Véronique Claveau is a Canadian actress and sketch comedian from Quebec, most noted for her role as Céline Dion in the Canadian production of the stage musical Titanique.

==Career==
A contestant in the 2004 edition of the singing competition series Star Académie, she first became more widely known as a musical comedian, appearing for several years in the annual Revue et corrigée shows at Montreal's Théâtre du Rideau Vert, where she first established her skills as a Dion impressionist. She later joined the cast of Ici Radio-Canada Télé's annual New Year's Eve Bye Bye specials in 2014. She also had a number of roles in musical theatre, including as Amber Von Tussle in a production of Hairspray and Miss Farrell in Annie.

She has also done dubbing work, including the voice of Anna in the French translations of the Frozen films.
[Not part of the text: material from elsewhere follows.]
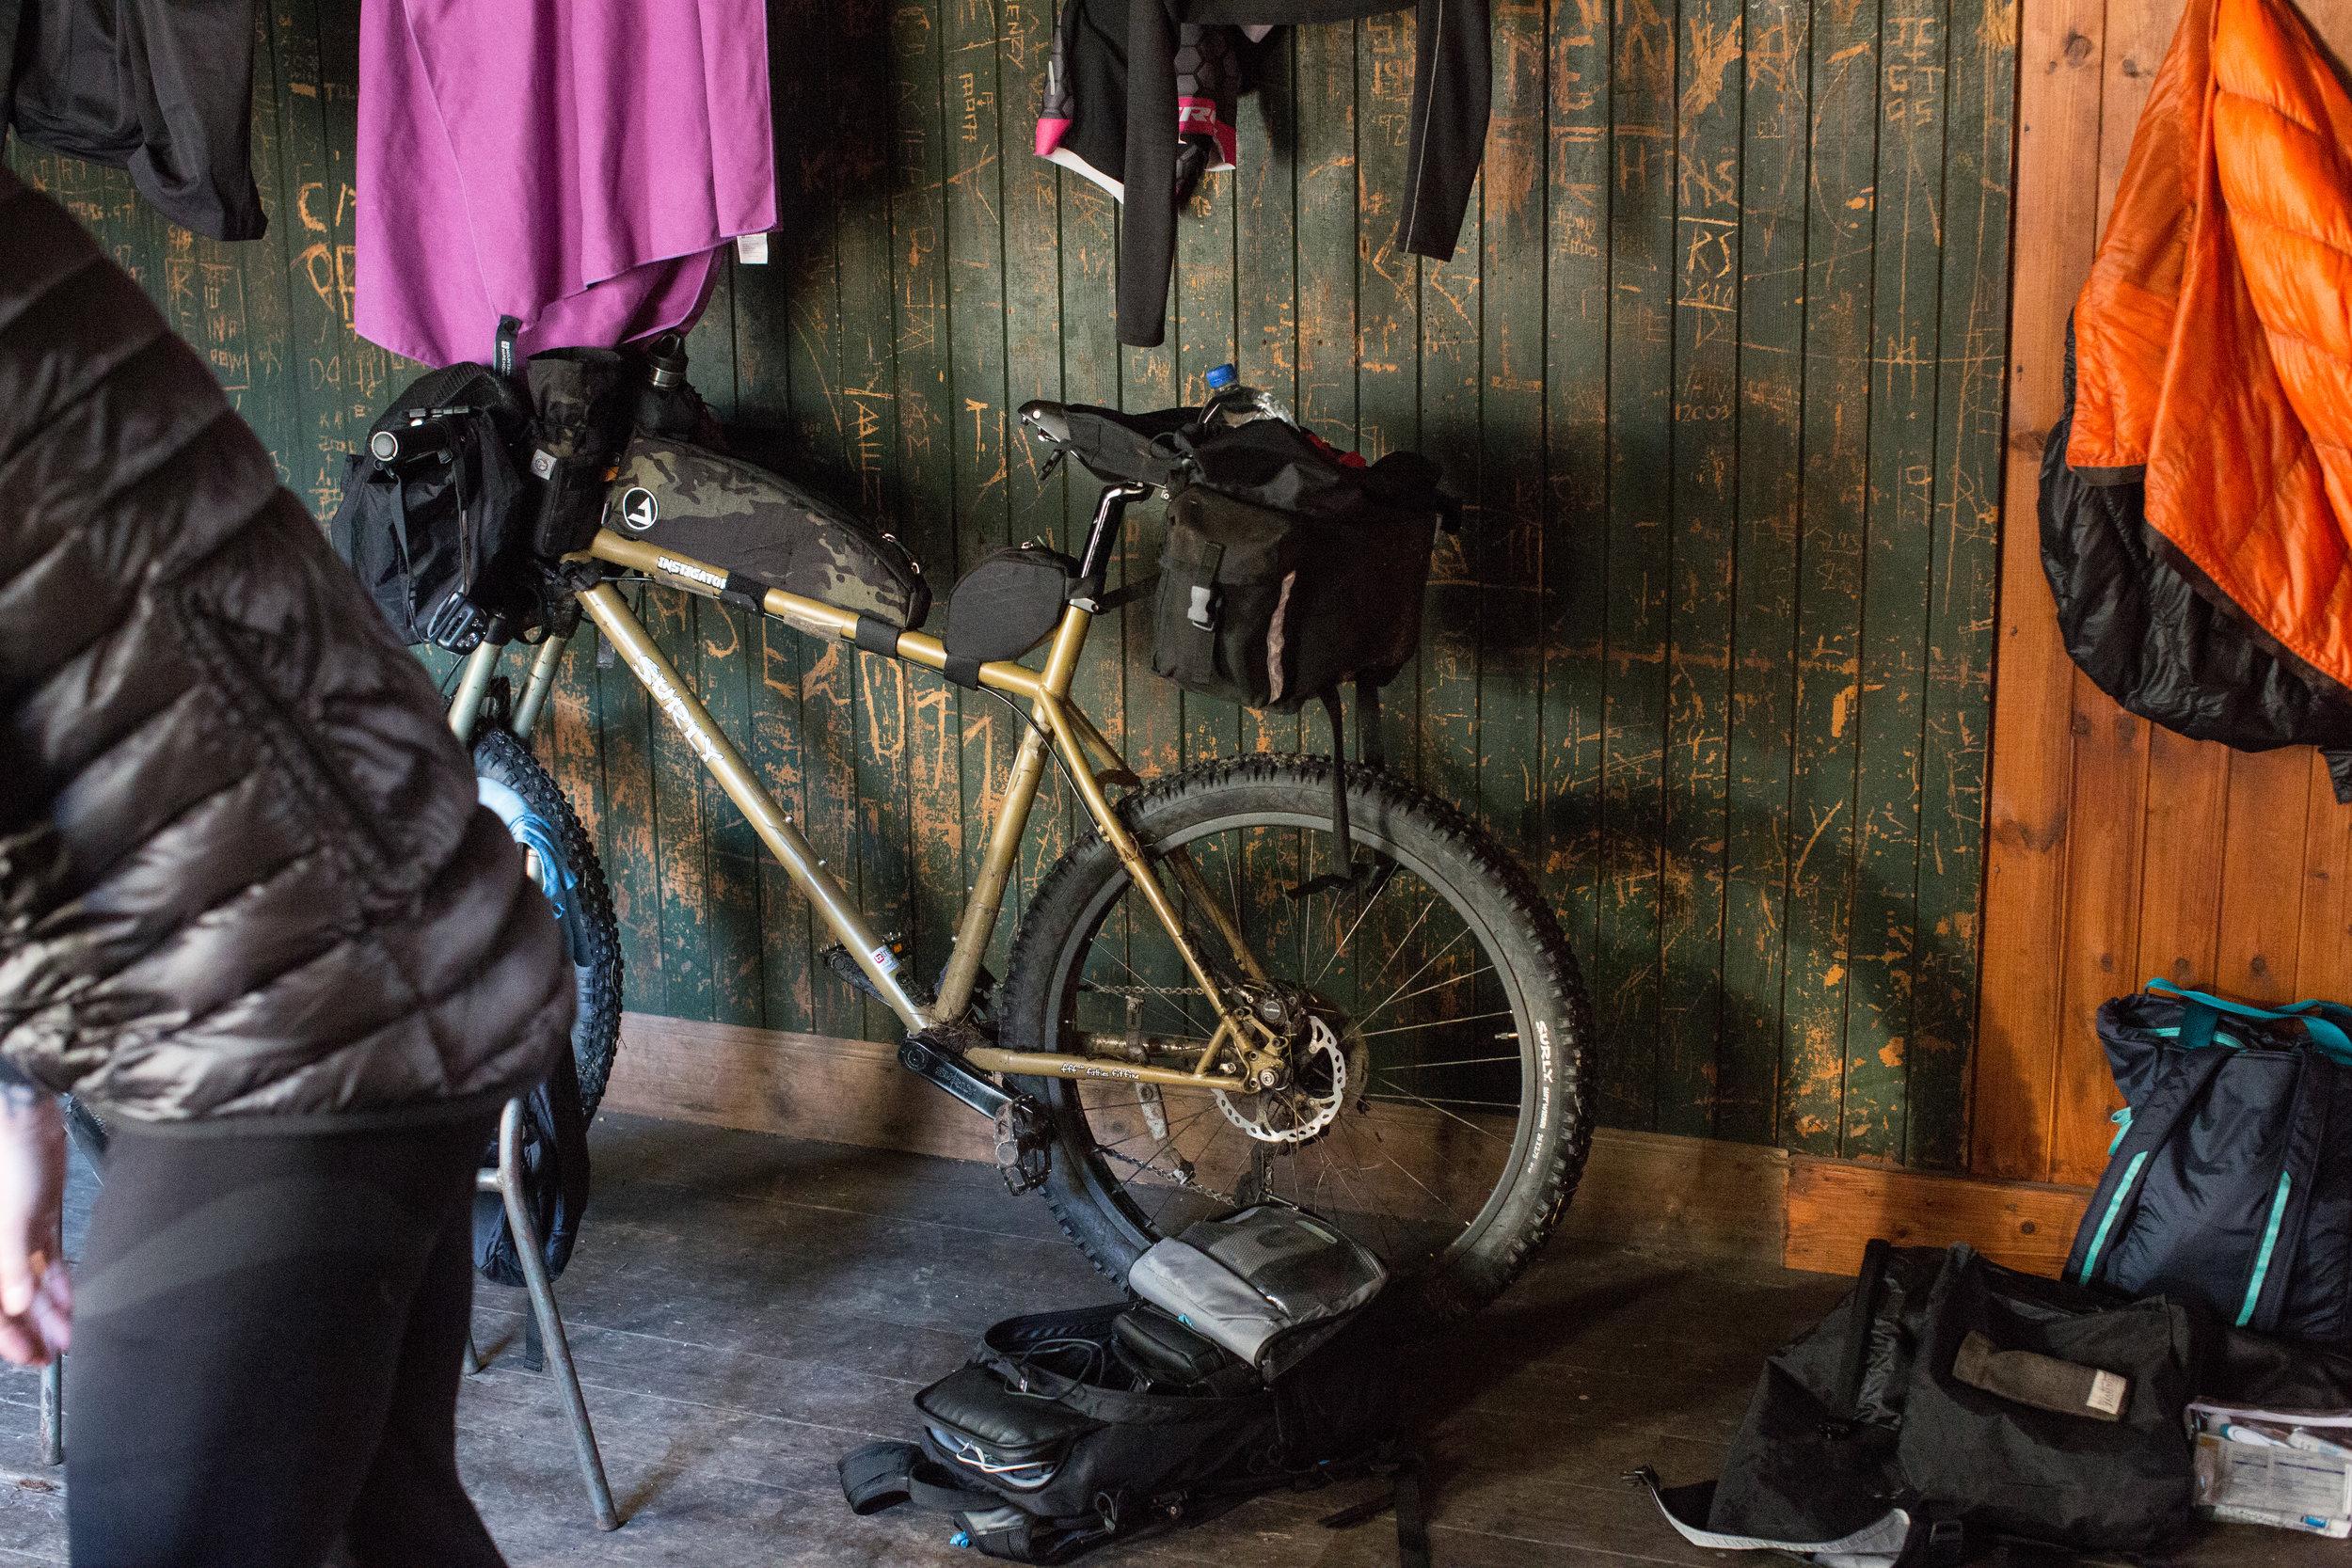 surly, surly bikes, j paks, j paks frame bag, j paks farvapak, farvapak, surly Karate Monkey, surly instigator, surly ecr, ecr, karate monkey, bikepacking, bicycle touring apocalypse, jack mac

In 2022 she competed in the second season of Chanteurs masqués, the Quebec version of the international The Masked Singer franchise, as the "Queen of the Day and the Night", winning the season.

In 2024 she debuted in Titanique, performing the role both in the show's Montreal run at the Segal Centre for Performing Arts, and its Toronto engagement at the CAA Theatre.

==Personal life==
She is in a relationship with Bryan Audet, a singer and broadcaster who competed in a later edition of Star Académie. In 2022 the couple became cohosts of C'est plus qu'un jardin, a documentary television series about gardening, for Unis.